The bottom line – last year the MLB Extra Innings package was available to the 75 million homes that had access to either DirecTV, the Dish Network and InDemand. Clearly what took place, DirecTV stood and delivered (offered $100 million a year if the agreement as expected becomes exclusive to DirecTV). All one needs to consider is the following: MLB had an exclusive agreement to air the DirecTV Extra Innings package and then for five years shared that package with DirecTV, the Dish Network and InDemand. It’s easy to appreciate why MLB’s decision to move back to an exclusive DirecTV package. Baseball fans don’t want to be treated like football fans, being forced to purchase a DirecTV system if they still want to enjoy Extra Innings. In Demand reportedly had offered $70 million a year to retain Extra Innings.

What is really interesting, when you take the time to crunch the numbers, MLB fans clearly are making other choices when it comes to viewing out of market games and those options to not include the Extra Innings package.

Kagan Associates estimates that Extra Innings generated 280,000 subscribers across both cable and satellite services in 2005. That pales by comparison to the 600,000 subscribers netted by the National Basketball Association’s “NBA League Pass” package and the nearly 2 million scored by Sunday Ticket during the same time period, according to Kagan.

Further, the package is dwarfed by the 1.3 million subscribers that baseball generated in 2005 for its $79.95 MLB.TV subscription broadband service (the price for the 2005 season), according to New York Magazine. The package includes live games, as well as extensive highlights and classic contests. Sports-programming consultant Lee Berke told Multichannel News in February the emergence of the broadband package could allow MLB to take DirecTV’s exclusive package without alienating cable subscribers.

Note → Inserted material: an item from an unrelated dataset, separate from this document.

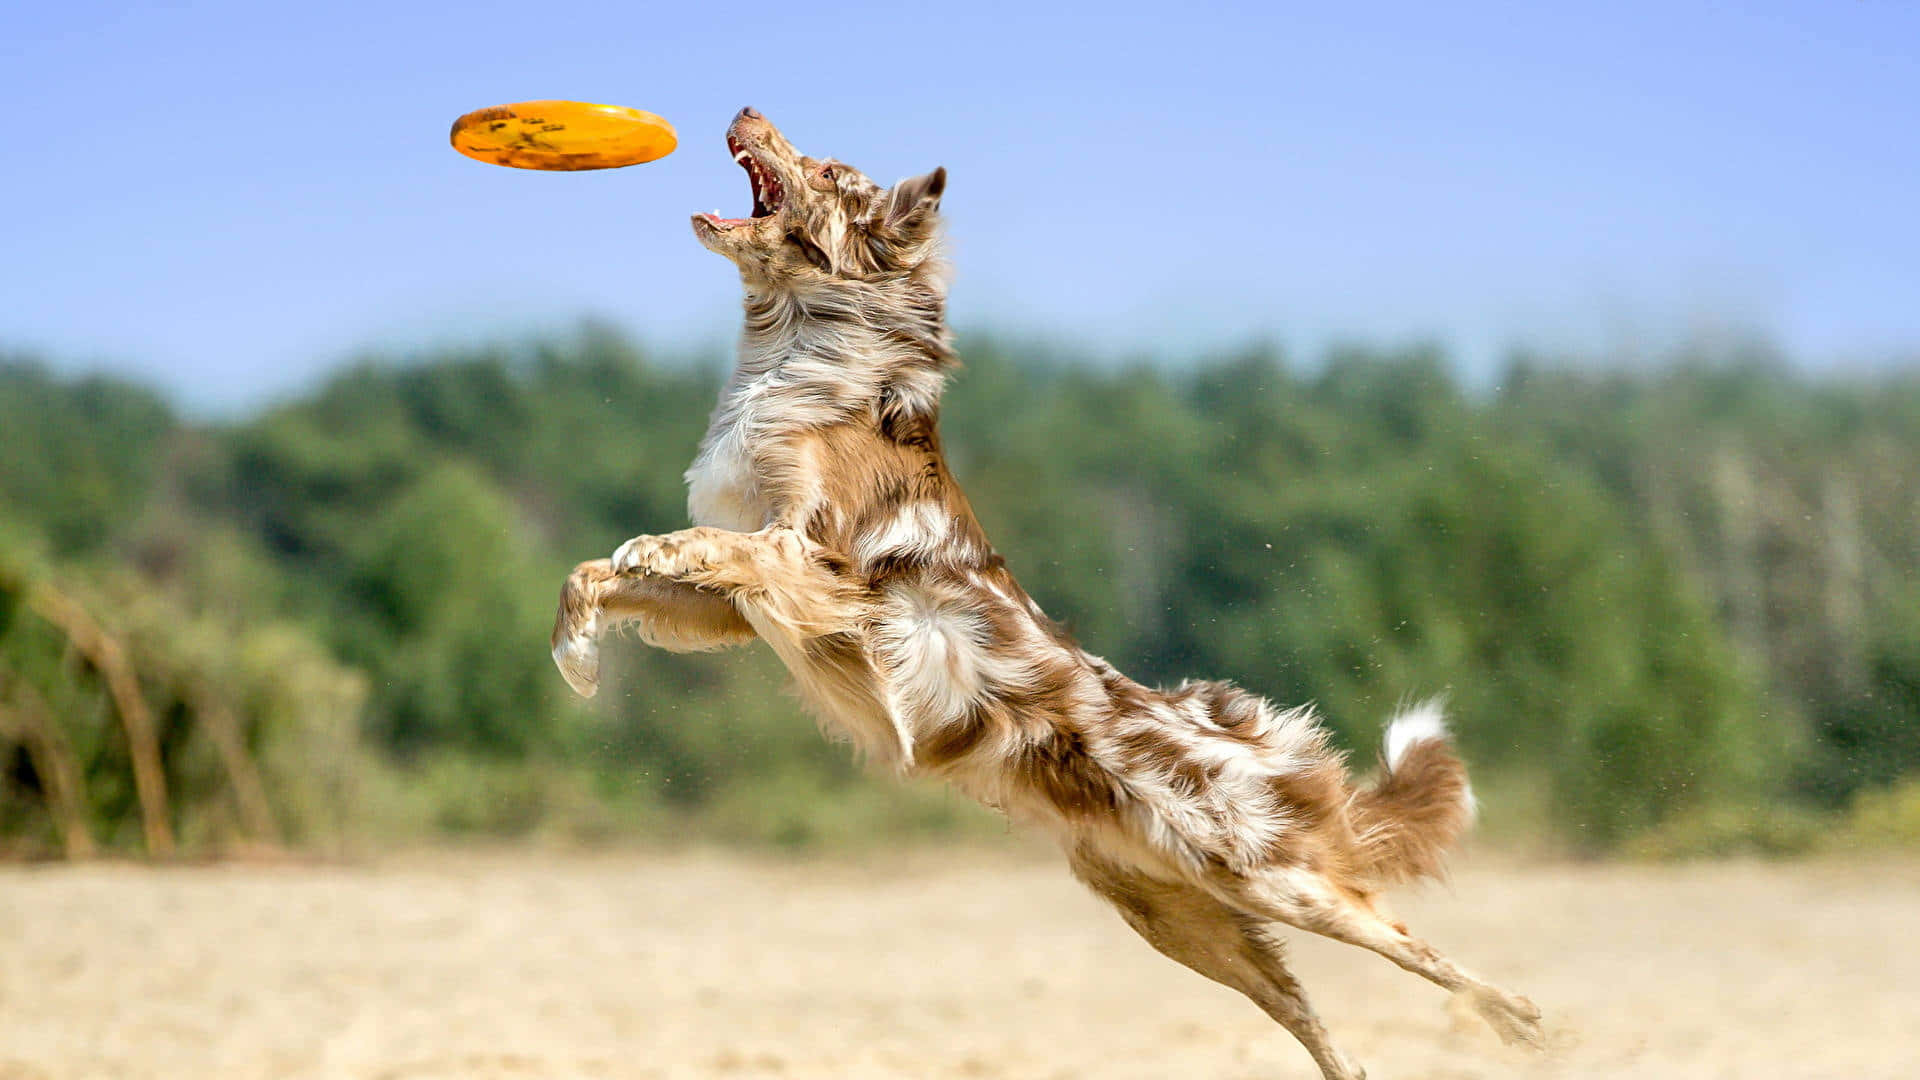 Dog Catching Best Ultimate Frisbee Background
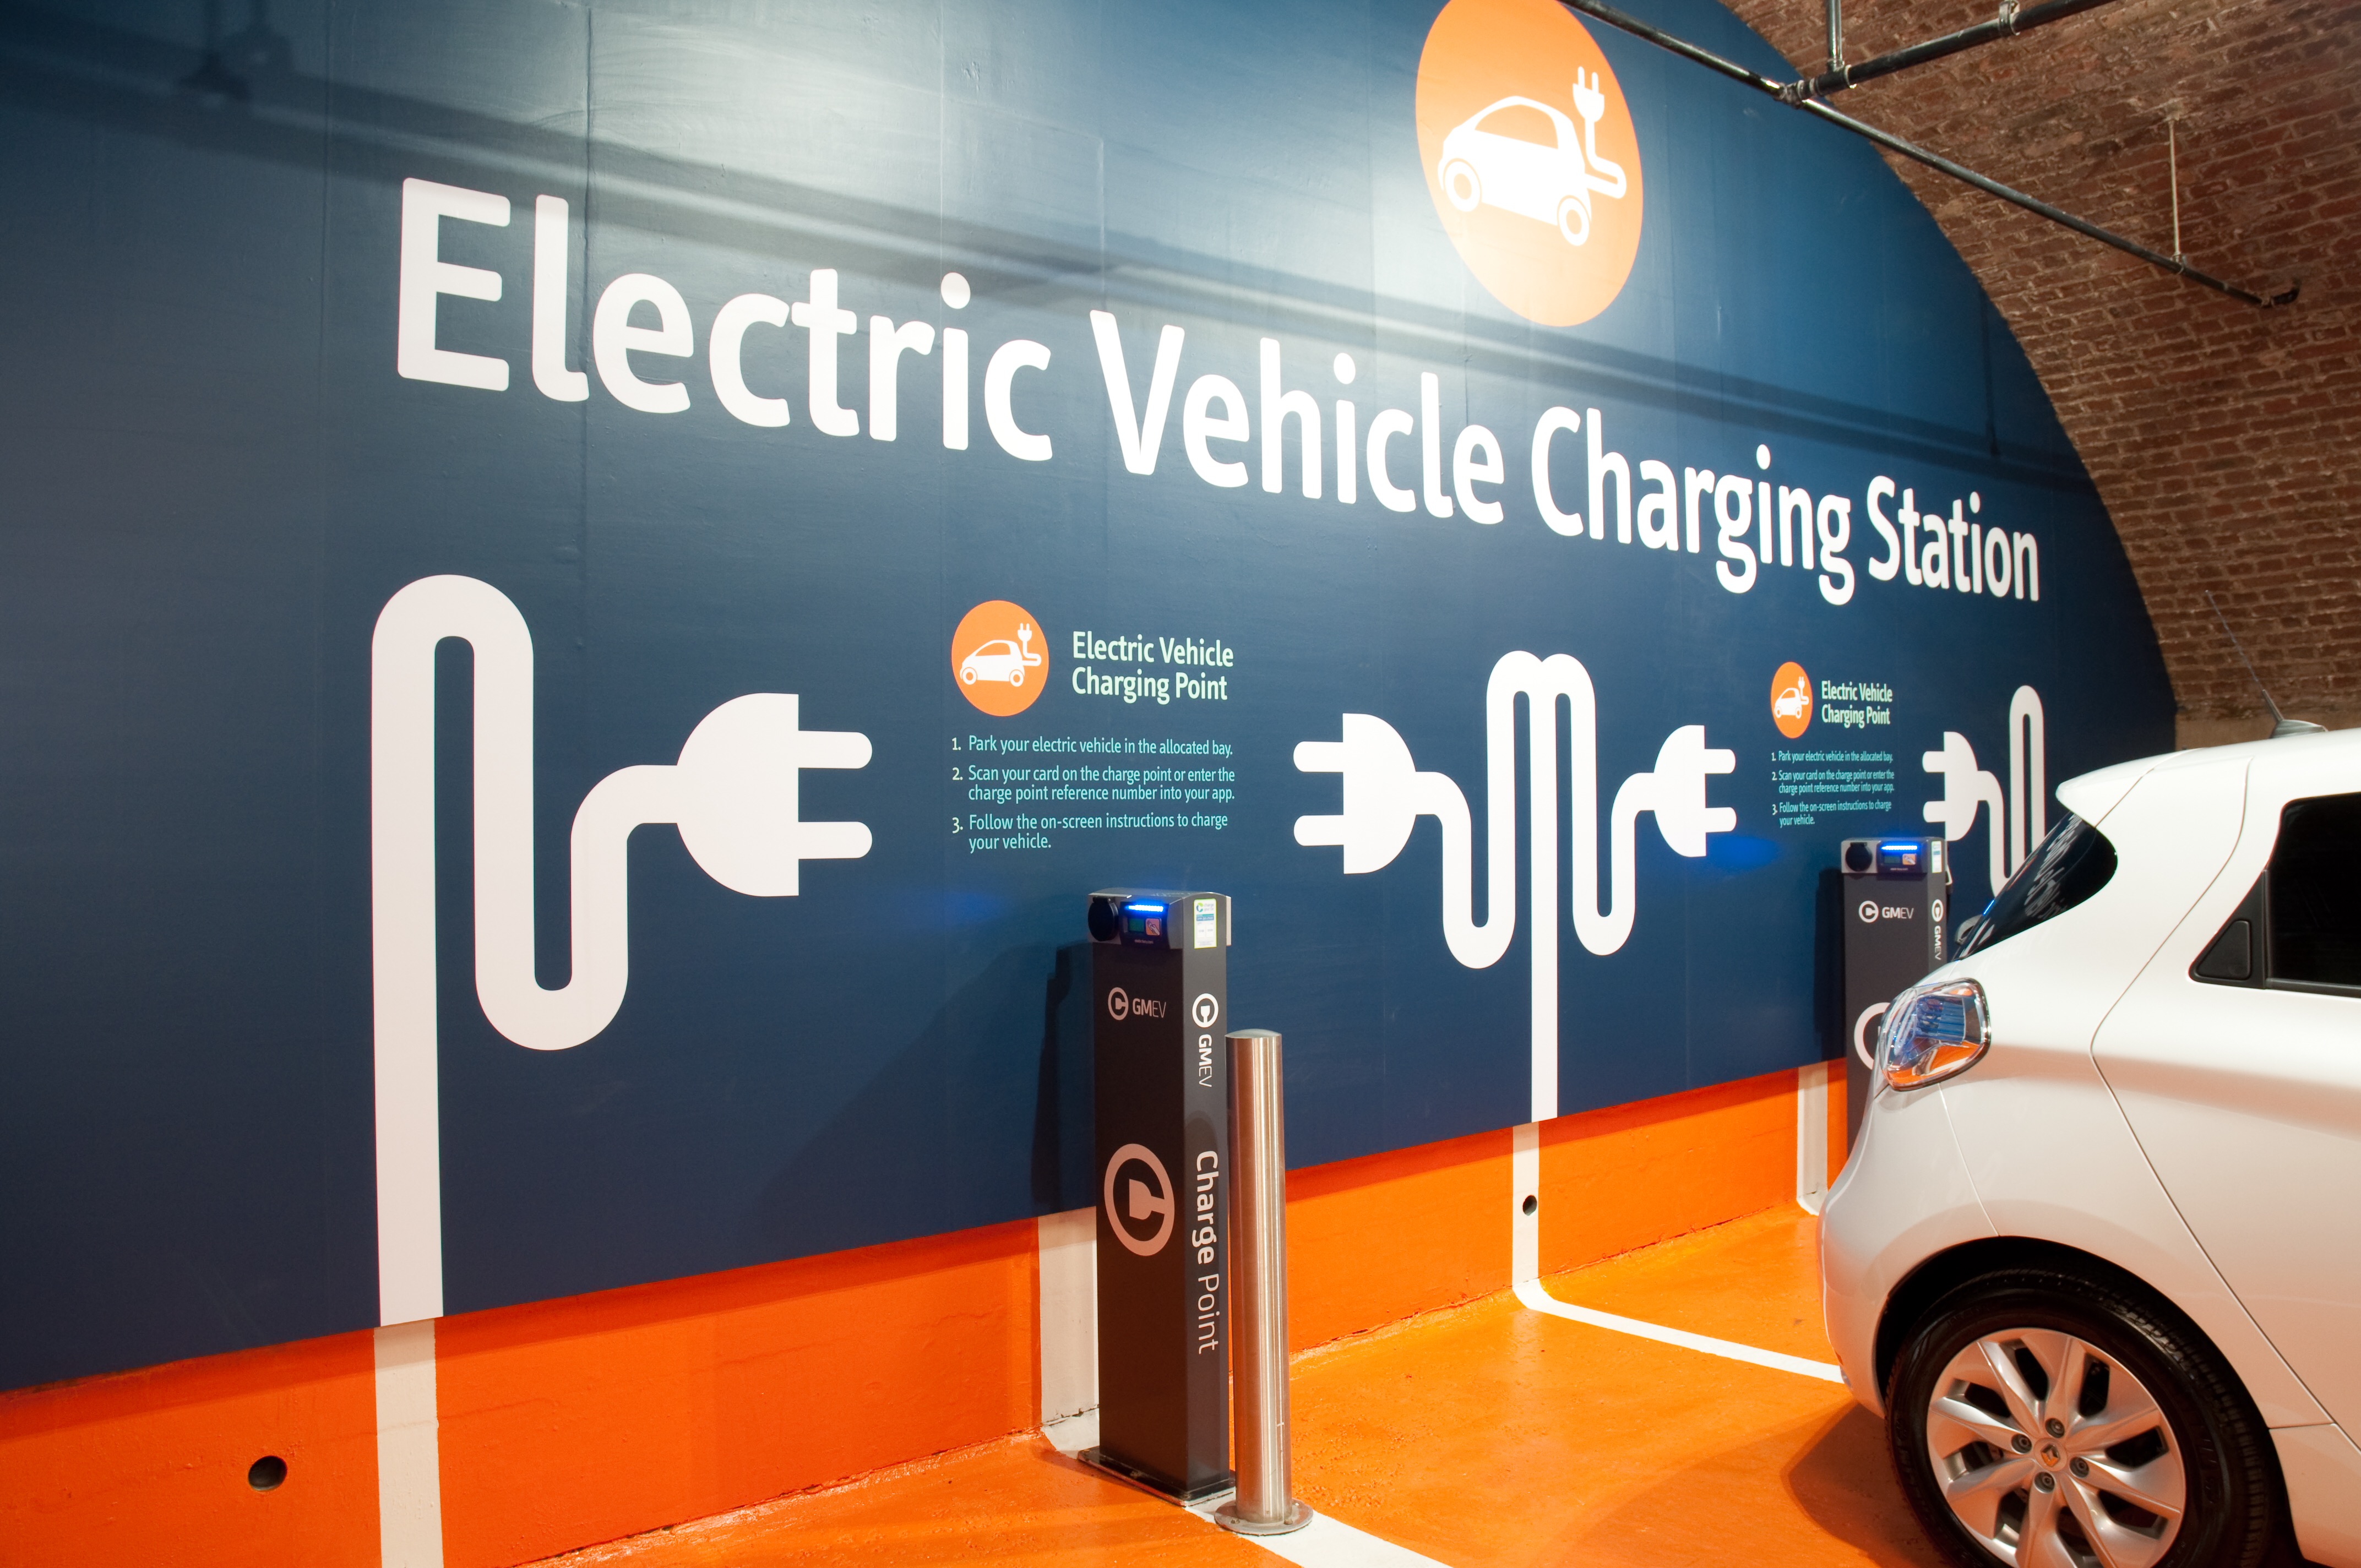 Electric vehicle use in Greater Manchester has rocketed over the past

“[MLB.TV] has become so widely distributed in its own right that it’s become a balancing act — the leagues are looking at various platform and the dollars they get, and trying to figure out whether exclusivity or multiple distributors makes sense,” he said in the Multichannel News report. “My guess is that if DirecTV comes up with enough money, then baseball may say, ‘We’re doing so well with MLB.TV maybe it’s worth it to explore being exclusive with DirecTV.’ ”

“Baseball occupies a somewhat different status with the American public than does any other sport,'” said Neal Pilson, a former president of CBS Sports who runs Pilson Communications in a Bloomberg News report. “The political scene is frankly different for baseball.'”

That isn’t the issue; what’s at the heart of this ‘debate’ the free market system. Capitalism is a pretty simple principal, you make the best deal you can, take a few risks and hope at the end of the day you’ll make a dollar or two.

DirecTV has an exclusive agreement with the National Football League. If InDemand’s President and CEO Robert D. Jacobson is so enraged by MLB’s decision Thursday to move forward with their agreement with DirecTV why hasn’t he expressed the same outrage with the NFL’s DirecTV deal? If anything its DirecTV who should be upset they couldn’t get an exclusive agreement with MLB immediately and they’ll have to wait the remaining 16 business days of the month to move their marketing and sales pitch forward for the 2007 DirecTV Extra Innings package!